The winning team—Li Cao, Pierre Foret, Teddy Legros, and Hosang Yoon, all MFE 19—won $20,000 in the competition semi-final, sponsored by Citadel LLC, a global asset management firm, and operated by data scientist recruiting firm Correlation One.
The Berkeley Haas semi-finalists will travel to the New York Stock Exchange later this fall to compete against top universities for a $100,000 grand prize.
The Sept. 8 competition asked teams to solve a complex problem by analyzing complex data sets.

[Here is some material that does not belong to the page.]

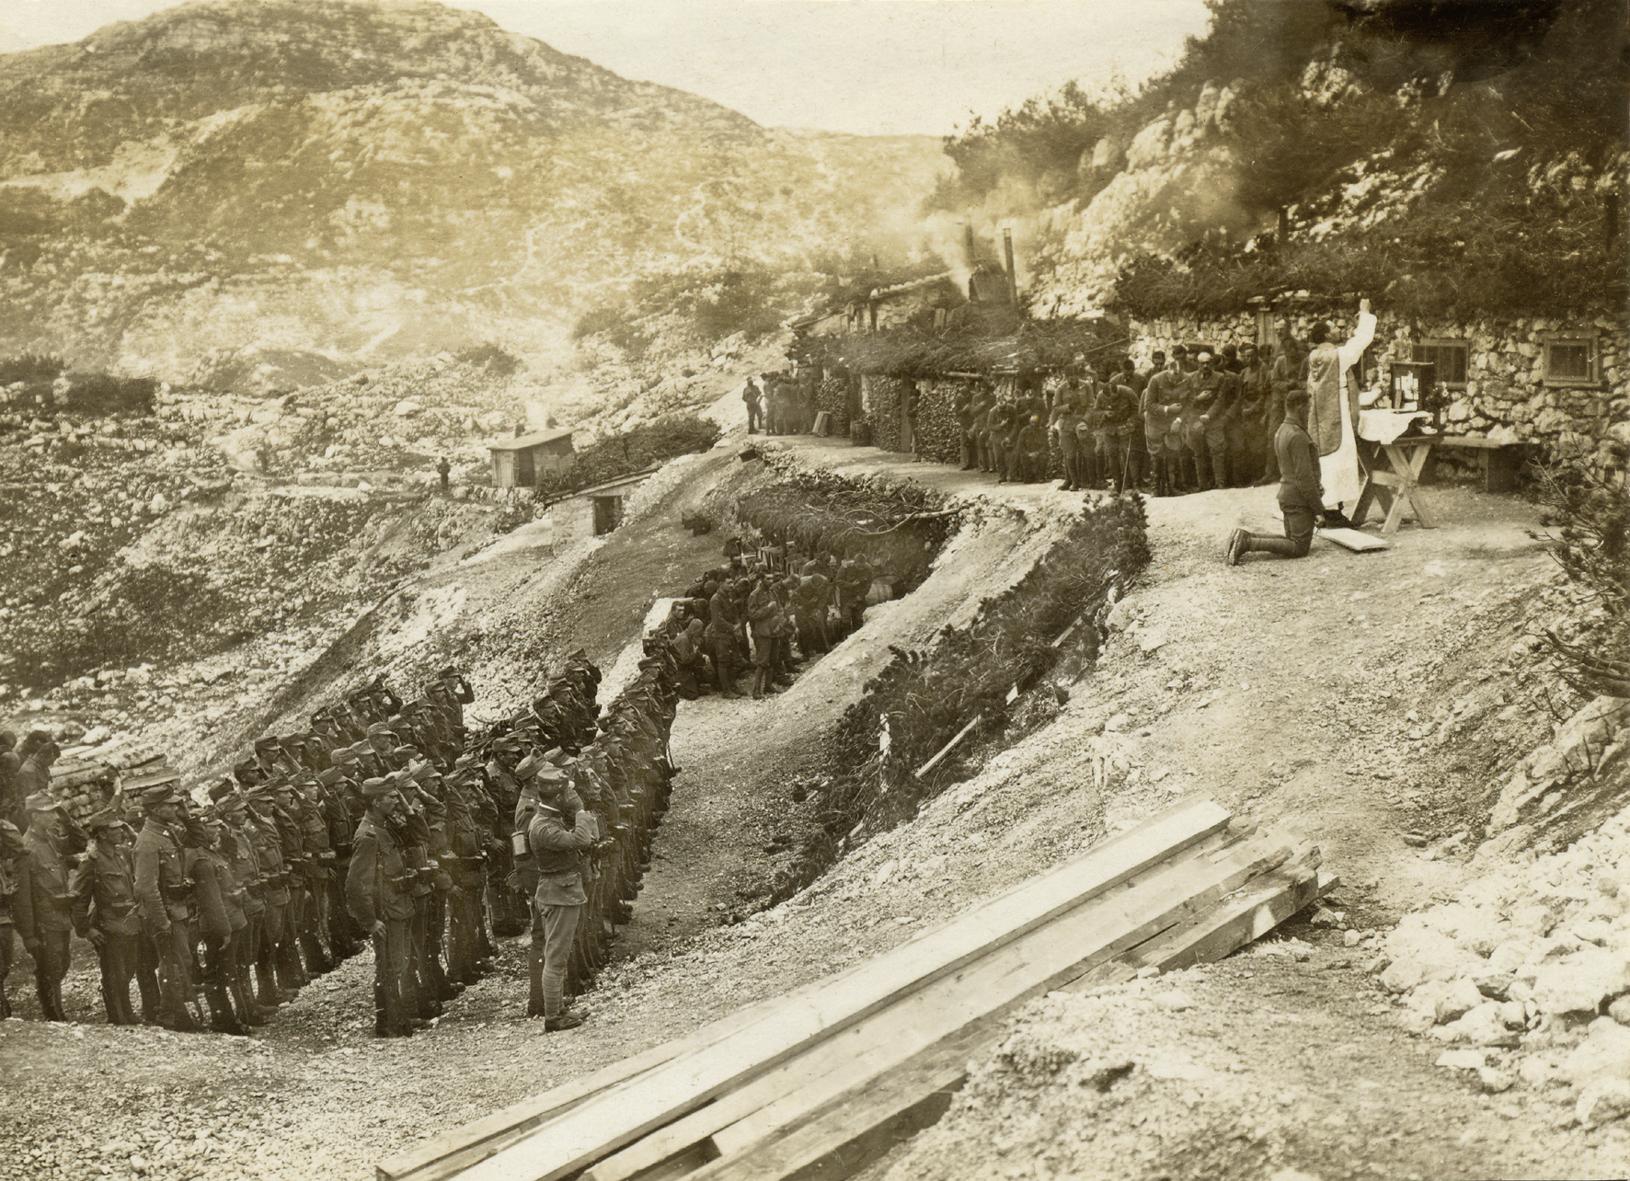 I soldati di tutti gli eserciti cercano rifugio nei conforti religiosi, dispensati durante le messe al campo   LA FEDE

More than 400 students across UC Berkeley applied to participate, and 100 were accepted. Event organizers grouped the contestants into teams, many of whom—including the winners—had not worked together before.
Choosing a question
The night before the event, the teams were given a description of data sets—data that applied to everything from 311 calls in New York state to restaurant inspection data. The teams were challenged choosing a question and finding the answer in the data.
“Most data science competitions focus on achieving the best possible score for a predefined metric,” Foret said. “In contrast, we had to come up with our own question, which is a lot closer to the type of problems a data scientist has to tackle in the industry.”
The team outlined two goals: identifying the top factors that influence public health in New York state and providing local government officials with policy recommendations based on their analysis.
Working through the night, they prepared code that allowed them to test their hypotheses quickly, so they were able to spend most of the competition time running experiments, analyzing the data, and choosing the most relevant problem to solve.
Legros said their data analysis tracked factors that affect residents’ health, including both traditional socioeconomic ones and several lifestyle considerations—such as smoking habits, eating habits and living conditions—that evolve over time. “Next, we identified clusters of regions where some of these determining lifestyle factors are more dominant. This can help policymakers develop regional proposals to improve the health of residents.”
“It was one of the most intense 24 hours I have spent,” Yoon said. “While the competition itself was short, I really learned a lot from our preparation.”
The judges, announcing the winner, said they impressed by the originality of the team’s question and the strategy to focus on comprehensive view of the factors involved.